What ruffled feathers at the time he won the Nobel for literature was his acknowledgement that the prize was “a great tribute to both England my home, and India the home of my ancestors". Trinidad merited no mention. When asked about it, he said it might “encumber the tribute".

Ironically, it was the Caribbean isles that shaped his identity and enabled him to make an indelible impression on the global literary canvas. Even his style of conversation, “picong" as Trinidadians call it (teasing or satirical banter, blurring the boundaries of good and bad taste), can be attributed to his growing-up years in Trinidad. Patrick French, in his authorized biography of Naipaul, The World Is What It Is, mentions Naipaul’s flippant comments, one of which was in reference to a friend’s daughter—“a fat girl, and she did what fat girls do, she married a Zulu". That explained Jamaican dub poet Linton Kwesi Johnson’s comment, “He’s a living example of how art transcends the artist ’cos he talks a load of shit but still writes excellent books."

The Mystic Masseur, Miguel Street, A House For Mr Biswas, rated as some of his best work, stem from that landscape. A House For Mr Biswas reflects Everyman’s struggle. It shows Mr Biswas’ revolt against any value system that denies the autonomous power of individuals to live on their own terms. What perhaps has seen this work feature among the 100 best English novels is the fact that Mr Biswas, modelled on Naipaul’s father, stands for the human right to fail in one’s unique way. Although he dies in possession of only a caricature of his dream of freedom, Mr Biswas’ heroism, the importance of his struggle and what it represents, don’t go unnoticed.

A Bend In The River, based in Africa, saw Naipaul accused of racism. On the face of it, Salim’s story articulates a vision of disorder and decline in a moment of post-imperial upheaval. But reading against the grain of the text, the novel seems to point to Naipaul’s inherent fear. Ferdinand, who urges Salim to flee for his life, works as the author’s mouthpiece when he says: “We’re all going to hell, and every man knows this in his bones....Nothing has any meaning…. It’s a nightmare—nowhere is safe now."
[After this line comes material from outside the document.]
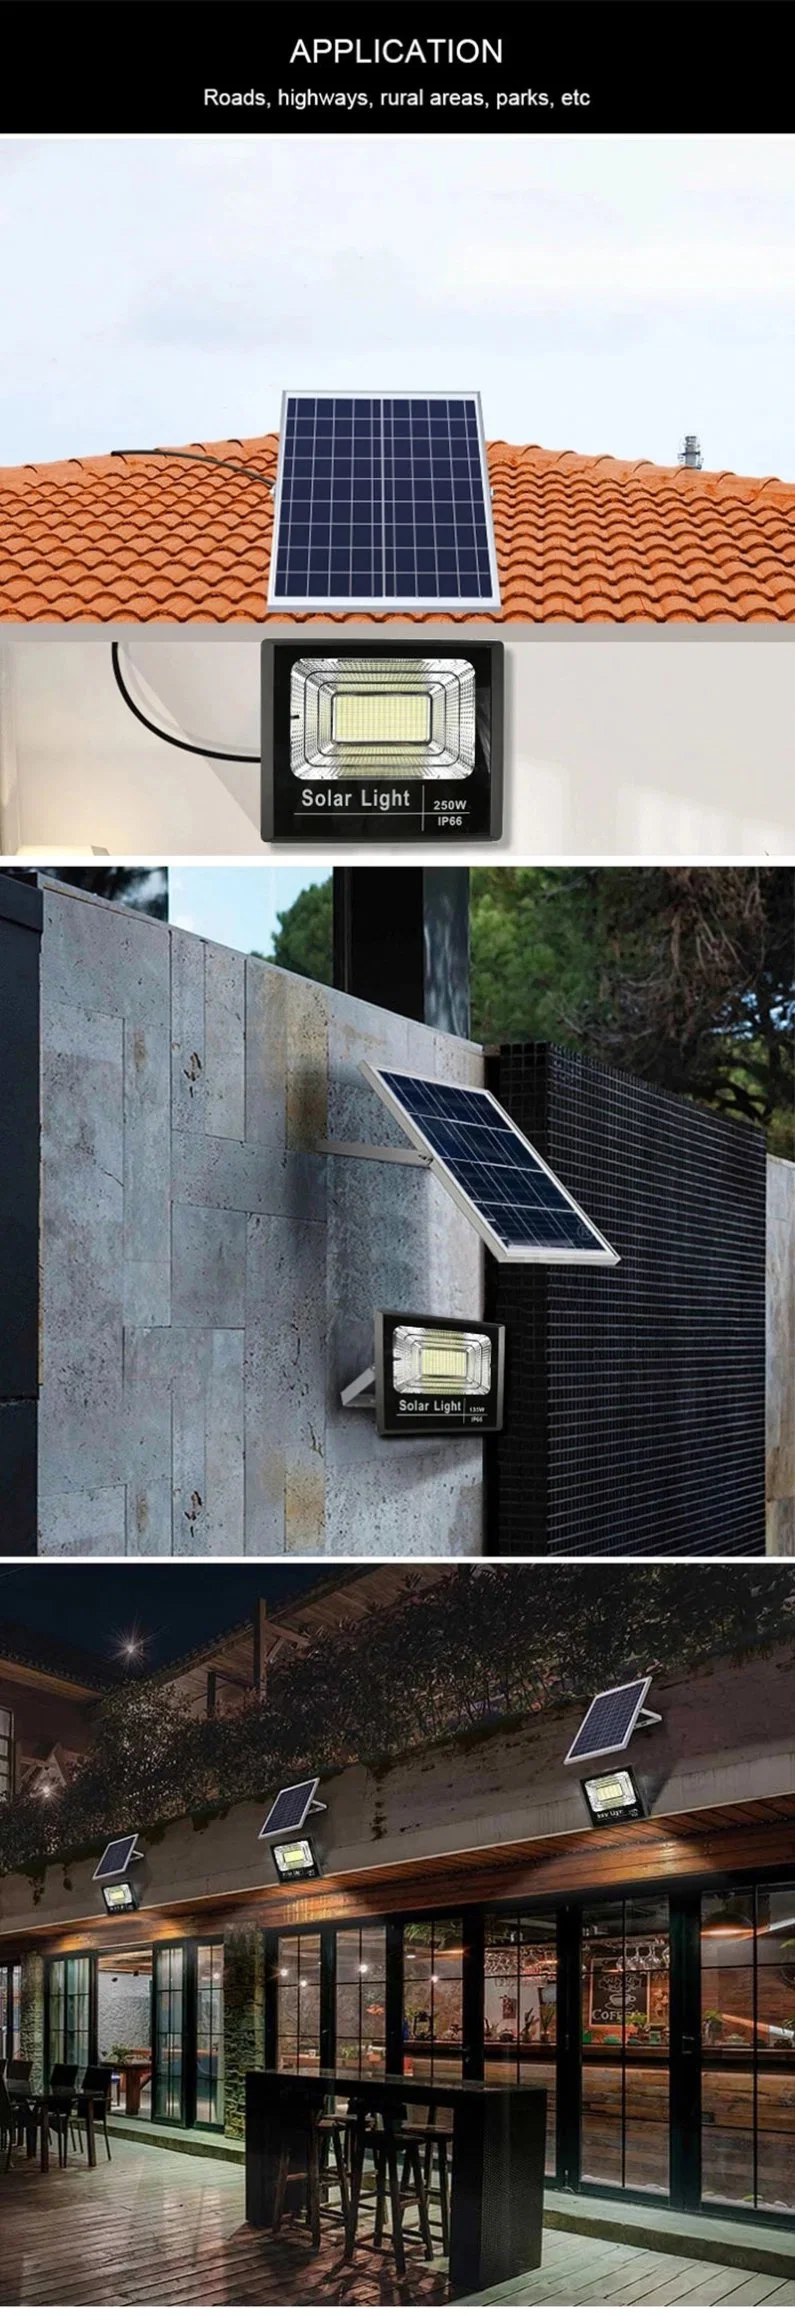 Super Bright 150W 200W Reflectores Lamp 300W Outdoor Motion Sensor Lampara Dusk to Dawn with Remote Control Solar Power Security Post Spotlights Flood Lights

This is what makes Naipaul’s books significant for our times. They transgress man-made borders to project a reality in which individuals realize that diaspora is a way of life, that wherever they turn, they can find people whose place isn’t more certain or secure than their own. His works, in this sense, unite all of us, though it is a paradoxical unity of disunity, whereby we enter a perpetual state of struggle and contradiction, ambiguity and anguish, disintegration and renewal.

Poised at this juncture in the 21st century, the range of issues he addressed—extremism, global migration, political and religious identity, ethnic difference, implosion of Africa—appear to be of particular import, enveloped as we are in an inexplicable sense of homelessness. Therein lies Naipaul’s universal appeal.

The author is a former journalist and independent research scholar. V.S. Naipaul was the subject of her doctoral thesis.